400 years of religious life ends with announcement after Mass

We close... and then what?

Sunday 2nd July. Chapel of the Ursuline convent, a community that has been in Fribourg since 1634. A nun reminds me of what I have to announce at the end of the liturgy: Sunday mass will no longer be celebrated in this pretty church in the city centre. I complied, not without emotion tinged with regret.

For this is not a unique event in our good Catholic city. These days, many apostolic or missionary communities have already closed their houses of formation, education or various services. Now it's the turn of the convents and monasteries, which are seriously wondering about their future, as they await their probable, even inevitable closure.

Unquestionably, a page is being turned in our Catholic landscape.

Sadness should not overwhelm our gratitude. For decades and even centuries, these religious - men and women - served our population by investing themselves in our Church in the name of an evangelical vocation and mission.

Of course, they were not perfect, as recent cases of abuse have reminded us, somewhat brutally. But the dedication of so many brothers and sisters, often with admirable generosity, has had a profound impact on our civilisation. We owe them immense gratitude. It is the least justice we can do to say this and to show it to the few who still faithfully live among us.

Fortunately, the Church of Jesus Christ is deeper and wider than its fragile incarnations in history. The Gospel, energised by the Holy Spirit, is capable of spreading elsewhere and even of being creative here at home. I had hoped that the old, withering communities could be compensated for by the vitality of new ones. Fortunately, some of them are still strengthening this confidence, even if - alas! too many of them have exhibited difficulties, even scandals, that defile my Christian optimism.

"Honouring and thanking our forebears who gave their lives 'for the sake of Jesus and the Gospel' is not cultivating ashes, but passing on fire".

Through all these ups and downs, the Lord is undoubtedly telling us something important, which we hope the next Synod will take into account.

Cathcon:  "Restore all things in Christ" but that is not what they are hearing and will not be adopted by Synod, which is all about them not about Christ.

However beautiful and important so-called religious vocations may be, it is Trinitarian baptism that is the basis of every commitment to the service of Christ in the communion of the Church. Isn't the vocation to holiness, in all its variations, a vocation for everyone, even with our limitations and even our sins? The end of a certain clericalism should herald the emergence of new responsibilities available to all, men and women alike, in full freedom and equality.

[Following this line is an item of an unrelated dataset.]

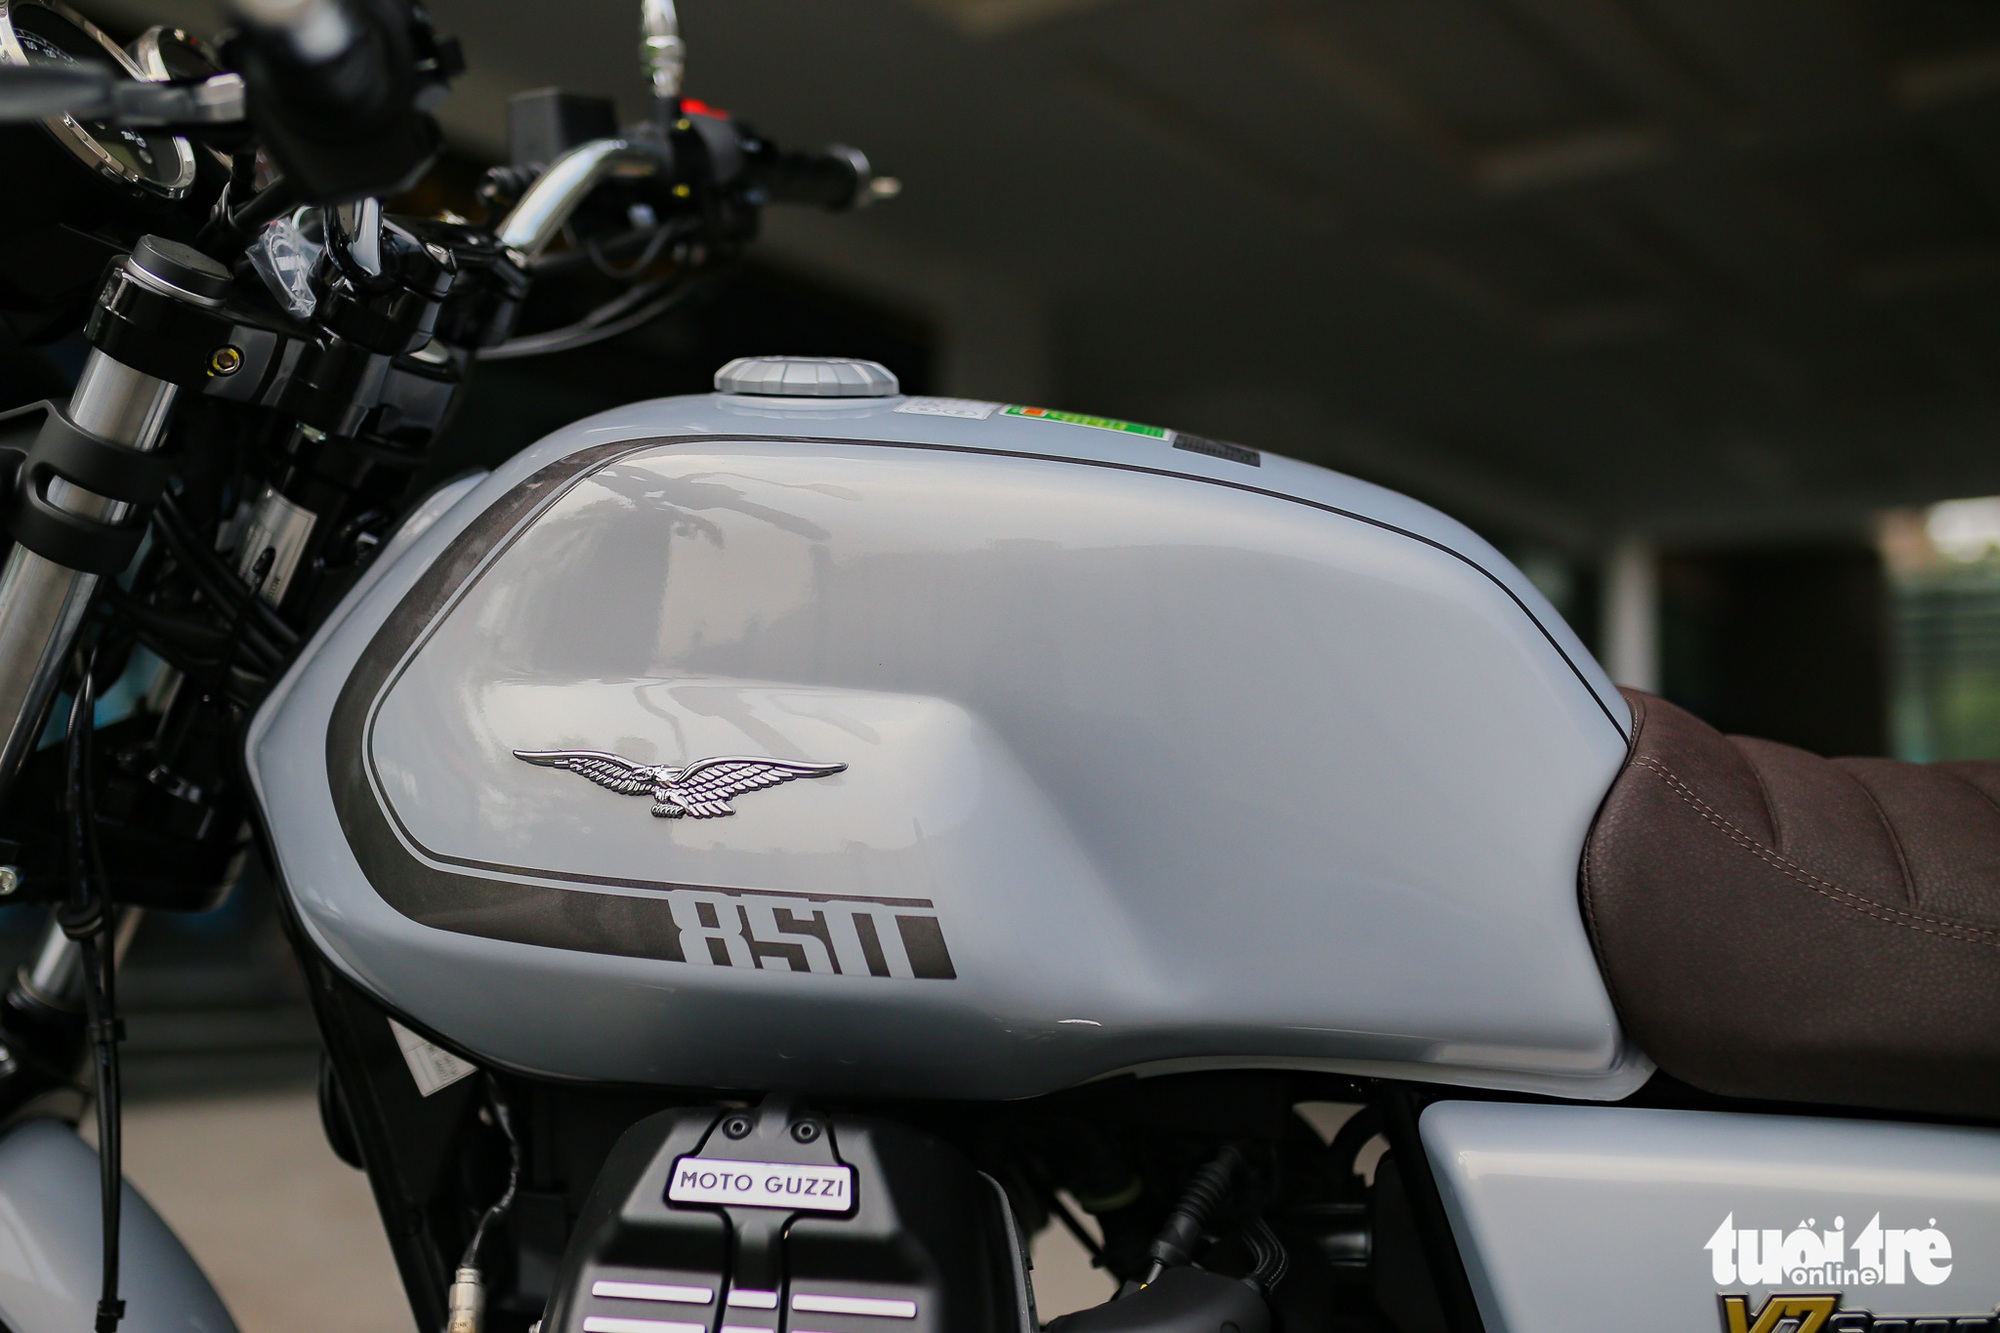 Chi tiết Moto Guzzi V7 Special 850 giá hơn 400 triệu đồng tại Việt Nam - Ảnh 10.

New forms, including community ones, will undoubtedly emerge to better respond to the needs of our humanity. Rooted in the Christian treasure of the apostolic faith, these circumstantial translations of evangelical vitality must embrace the diversity of cultural contexts much more freely. If we confuse unity with uniformity, the inspirations of the Spirit can only be curbed or even paralysed. What applies to all Church services also applies to ordained ministries.

Honouring and thanking our forebears who gave their lives "for the sake of Jesus and the Gospel" is not cultivating ashes, but passing on fire.